%%

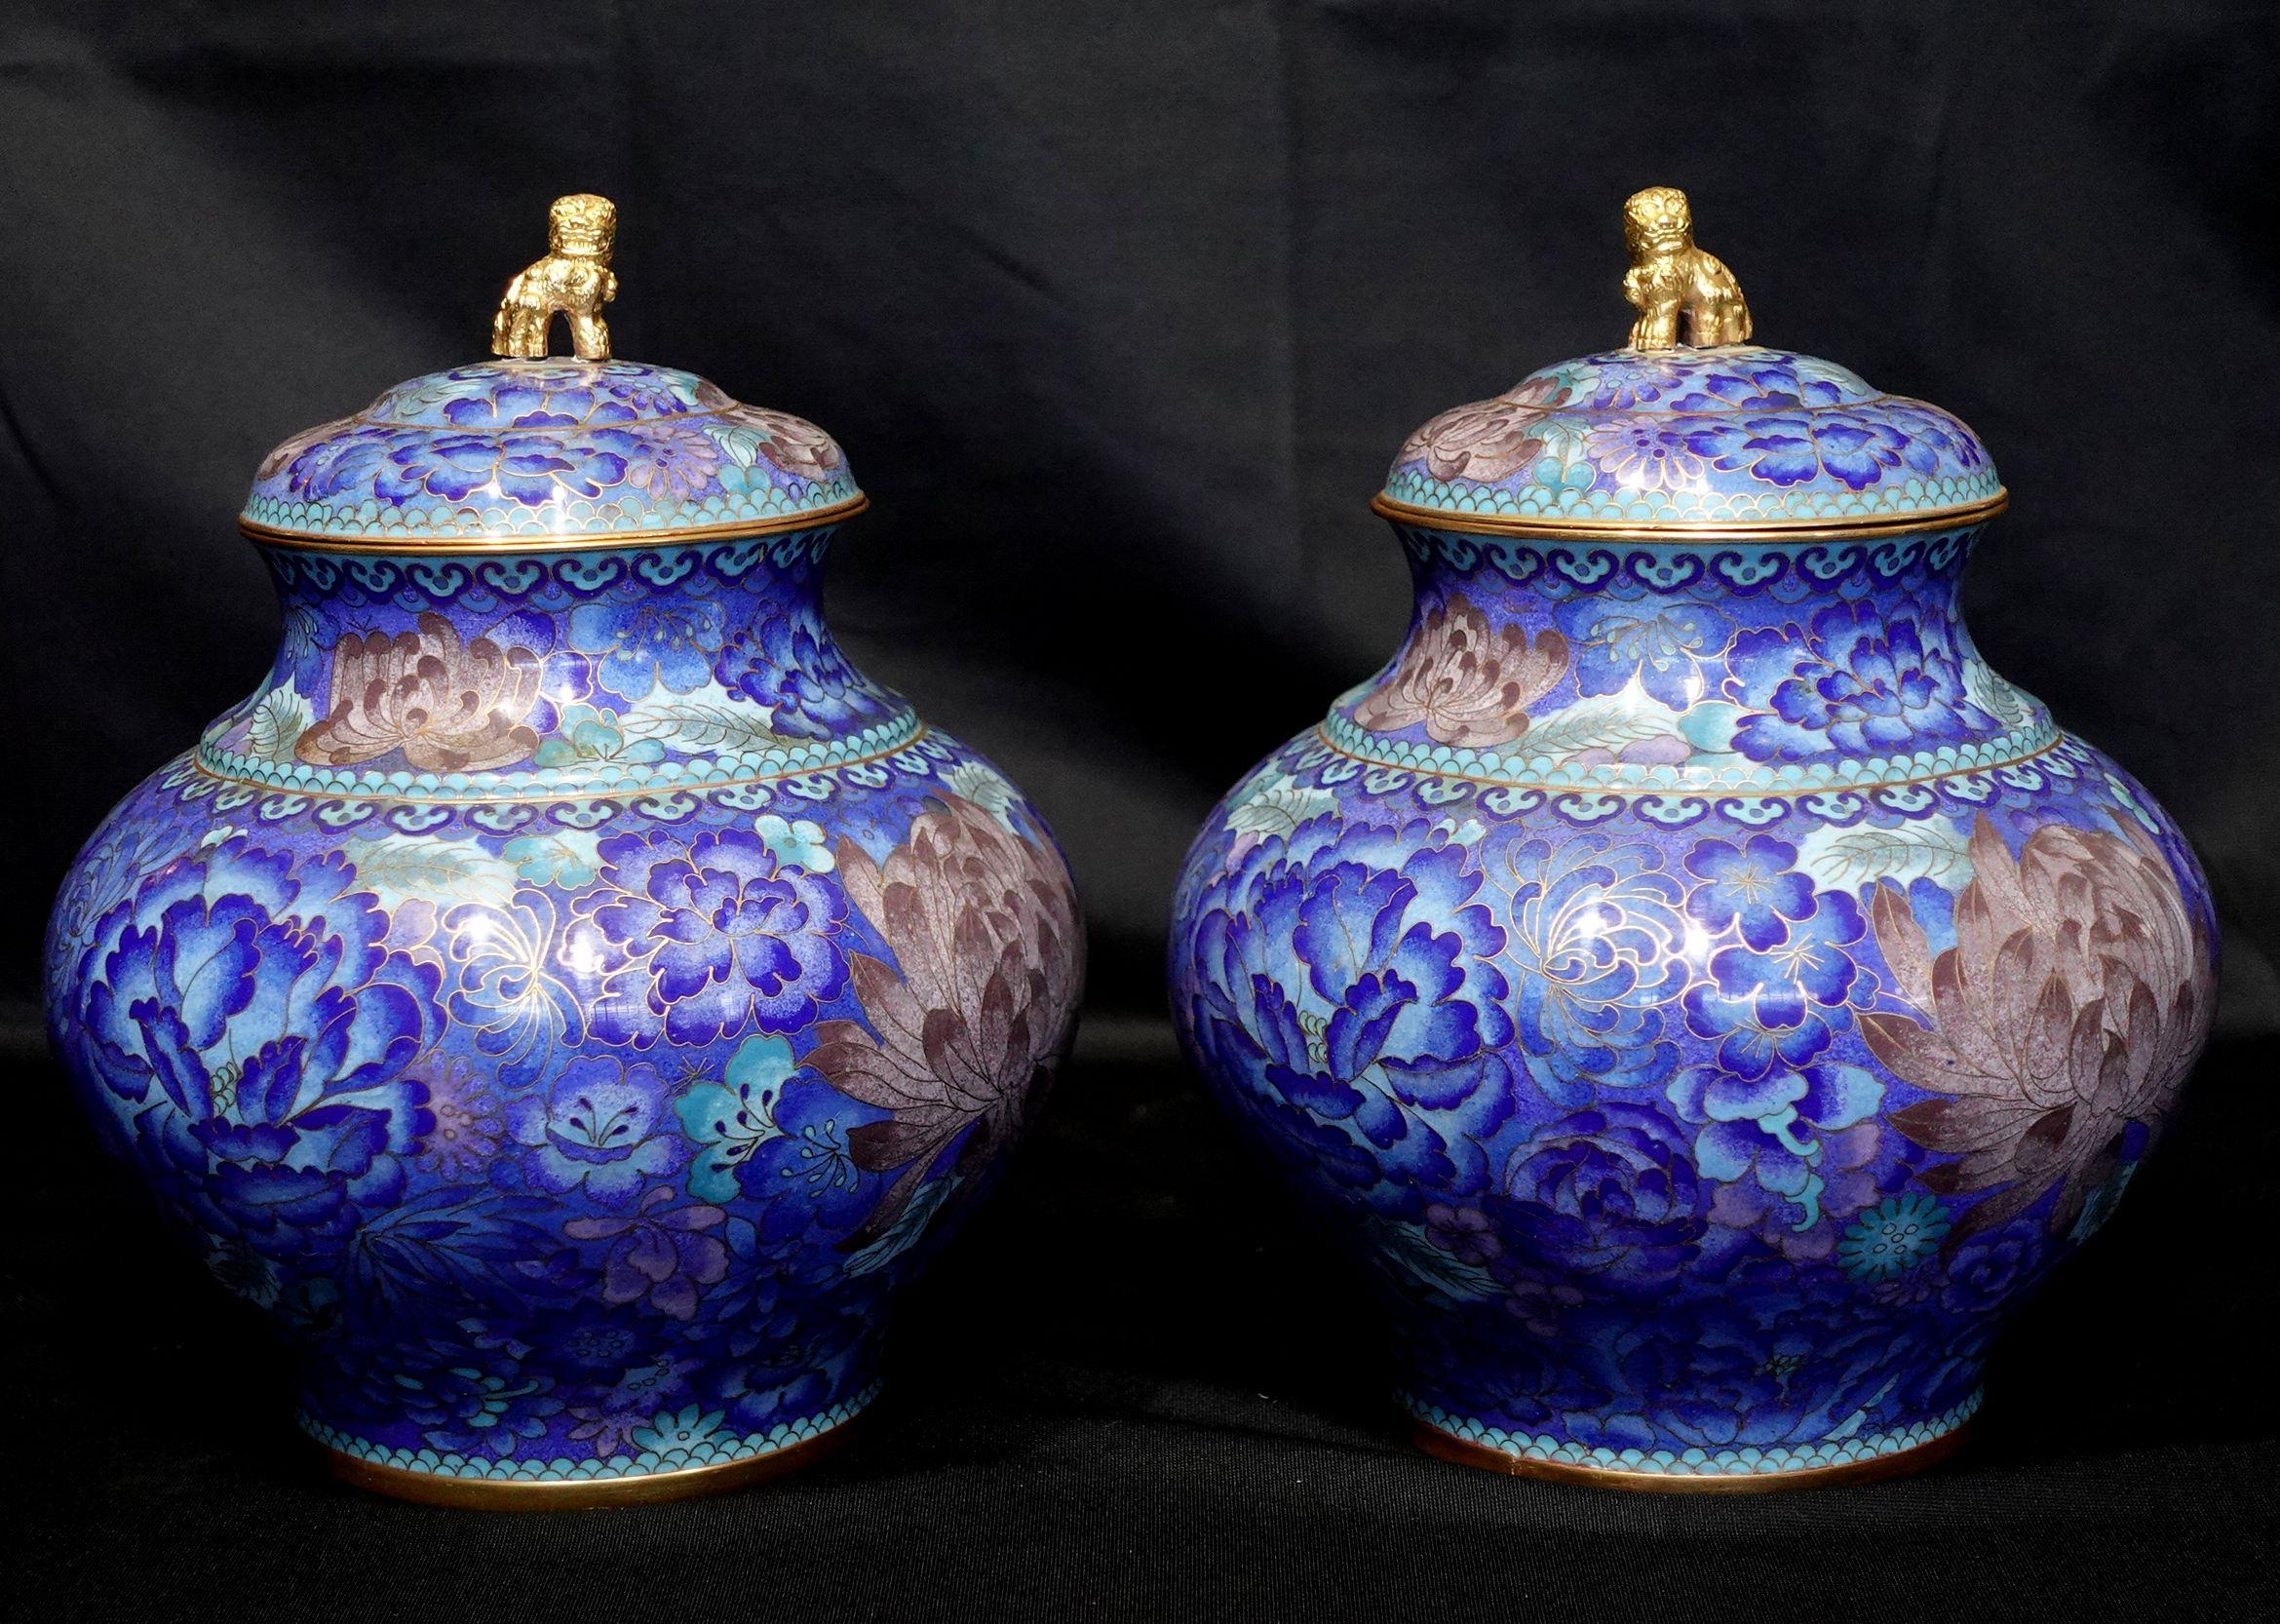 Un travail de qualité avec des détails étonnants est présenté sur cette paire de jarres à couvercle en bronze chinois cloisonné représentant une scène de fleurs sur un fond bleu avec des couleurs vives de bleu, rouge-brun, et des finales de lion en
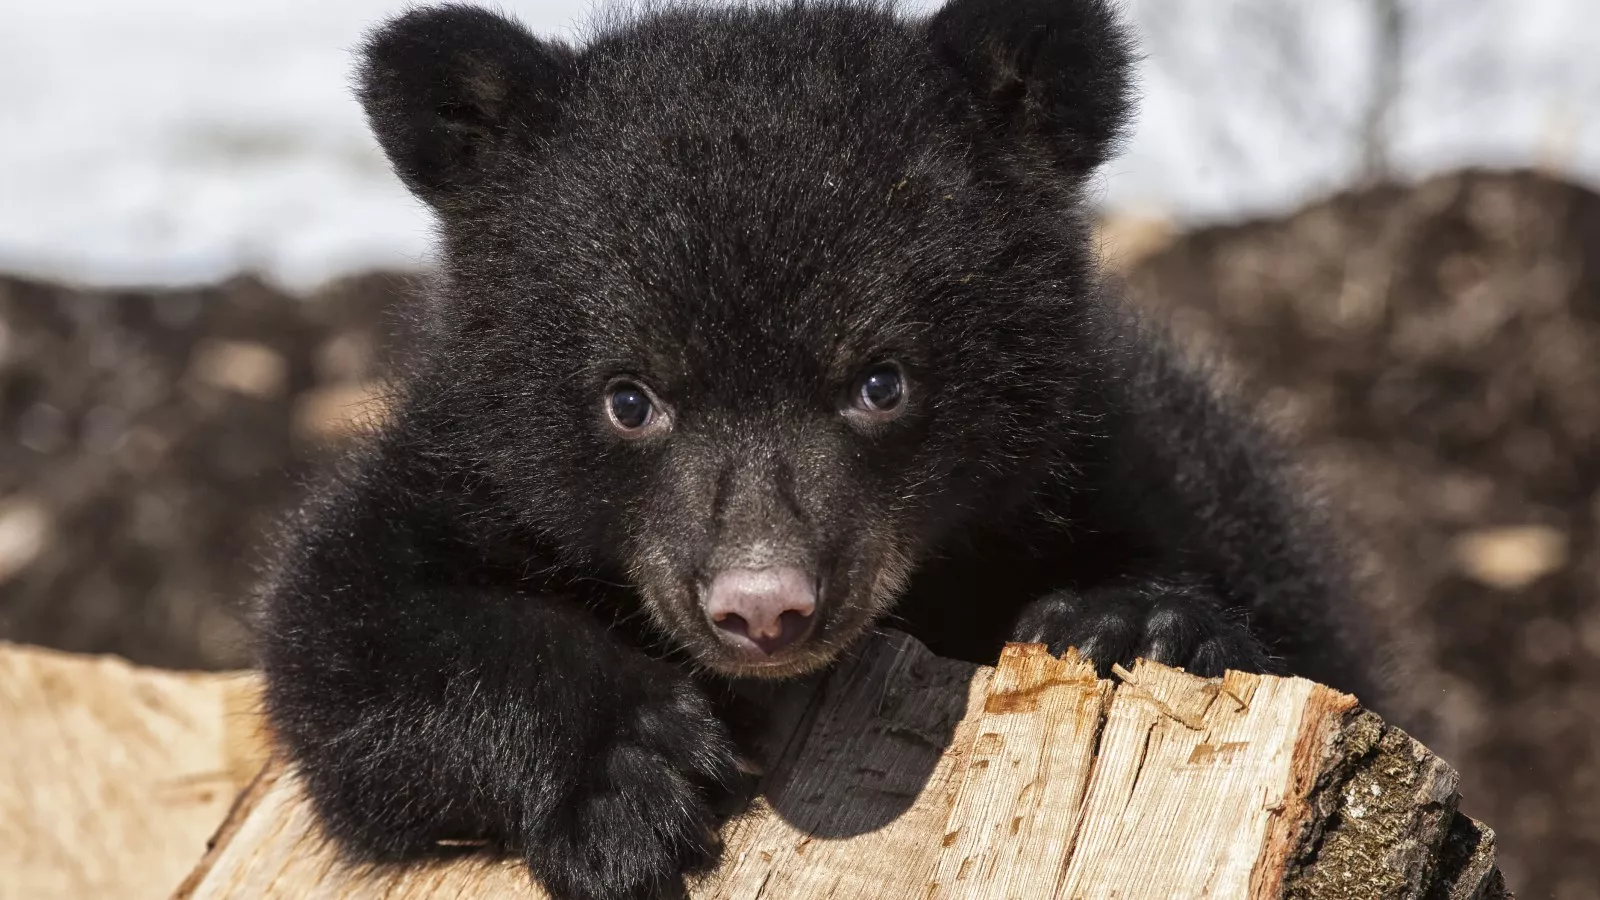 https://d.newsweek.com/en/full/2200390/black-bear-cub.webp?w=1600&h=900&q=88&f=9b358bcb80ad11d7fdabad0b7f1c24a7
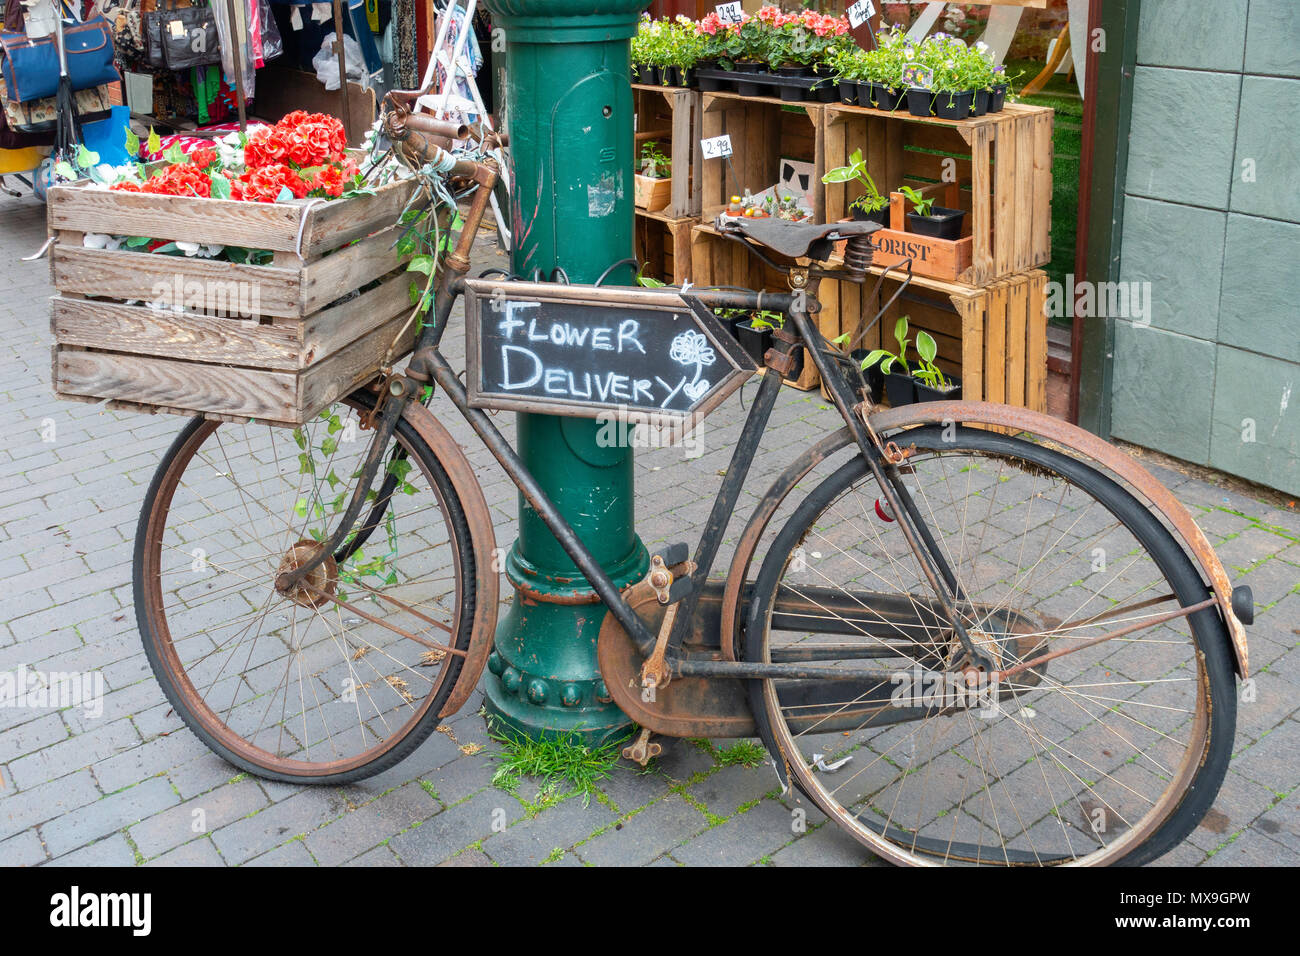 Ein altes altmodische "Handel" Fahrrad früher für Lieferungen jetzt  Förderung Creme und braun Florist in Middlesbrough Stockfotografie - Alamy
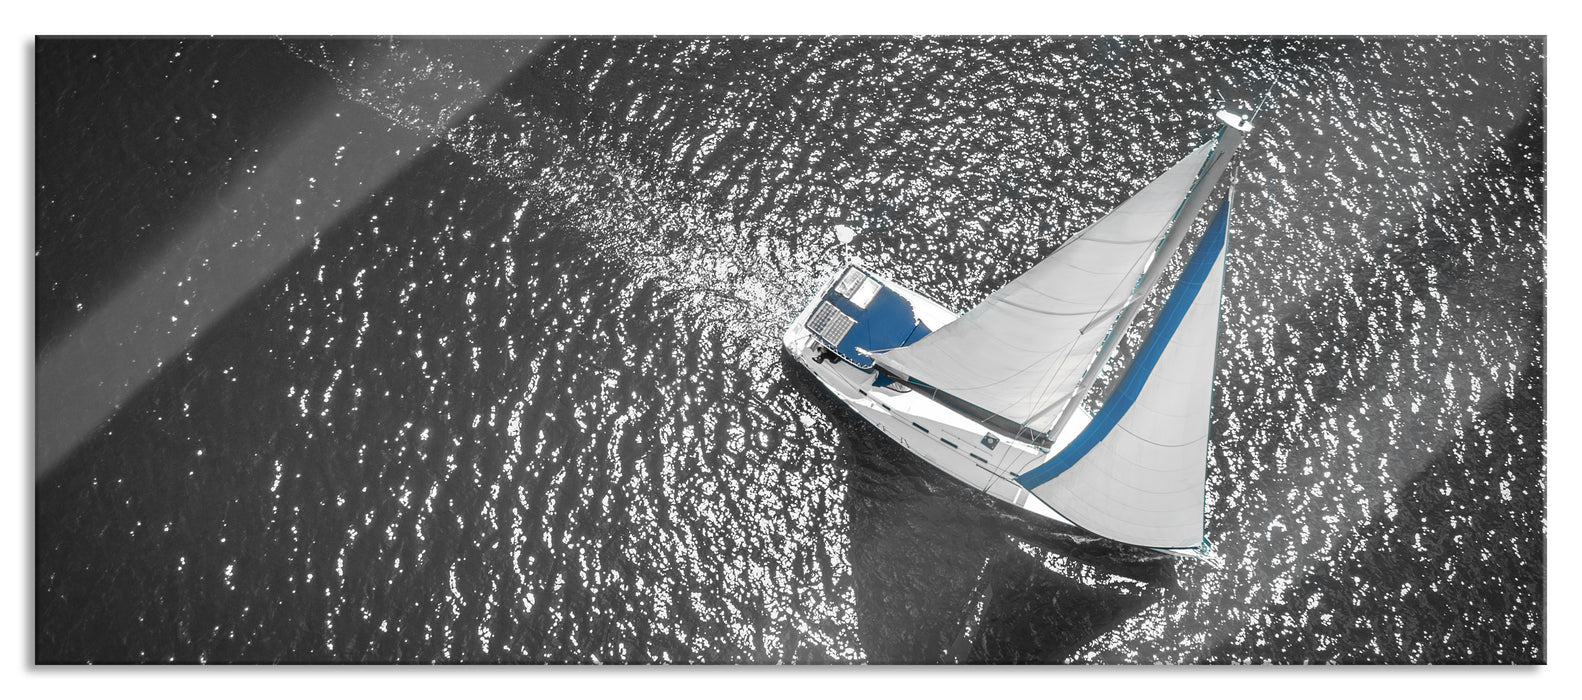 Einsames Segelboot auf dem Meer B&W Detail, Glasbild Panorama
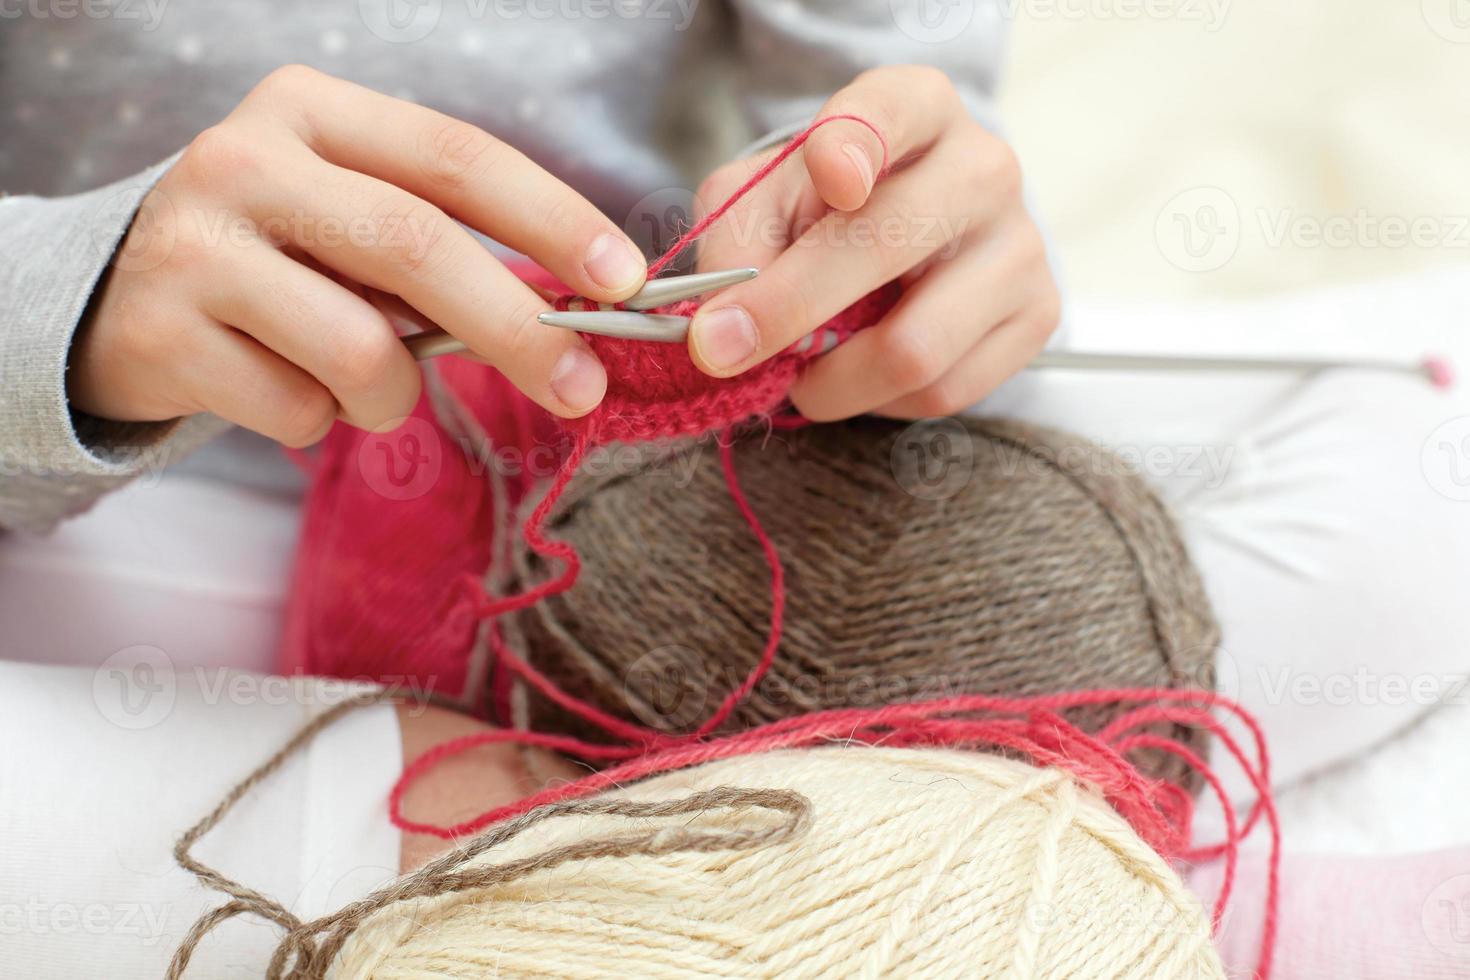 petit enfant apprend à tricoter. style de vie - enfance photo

%%

▶ _Exercise instructions_
From the line containing "Ein altes altmodische" through the last line of the data above, write out every line word for word, and nothing else. Do not include the pictures.

▶ _Problem solution_
 Ein altes altmodische "Handel" Fahrrad früher für Lieferungen jetzt  Förderung Creme und braun Florist in Middlesbrough Stockfotografie - Alamy
 Einsames Segelboot auf dem Meer B&W Detail, Glasbild Panorama
 petit enfant apprend à tricoter. style de vie - enfance photo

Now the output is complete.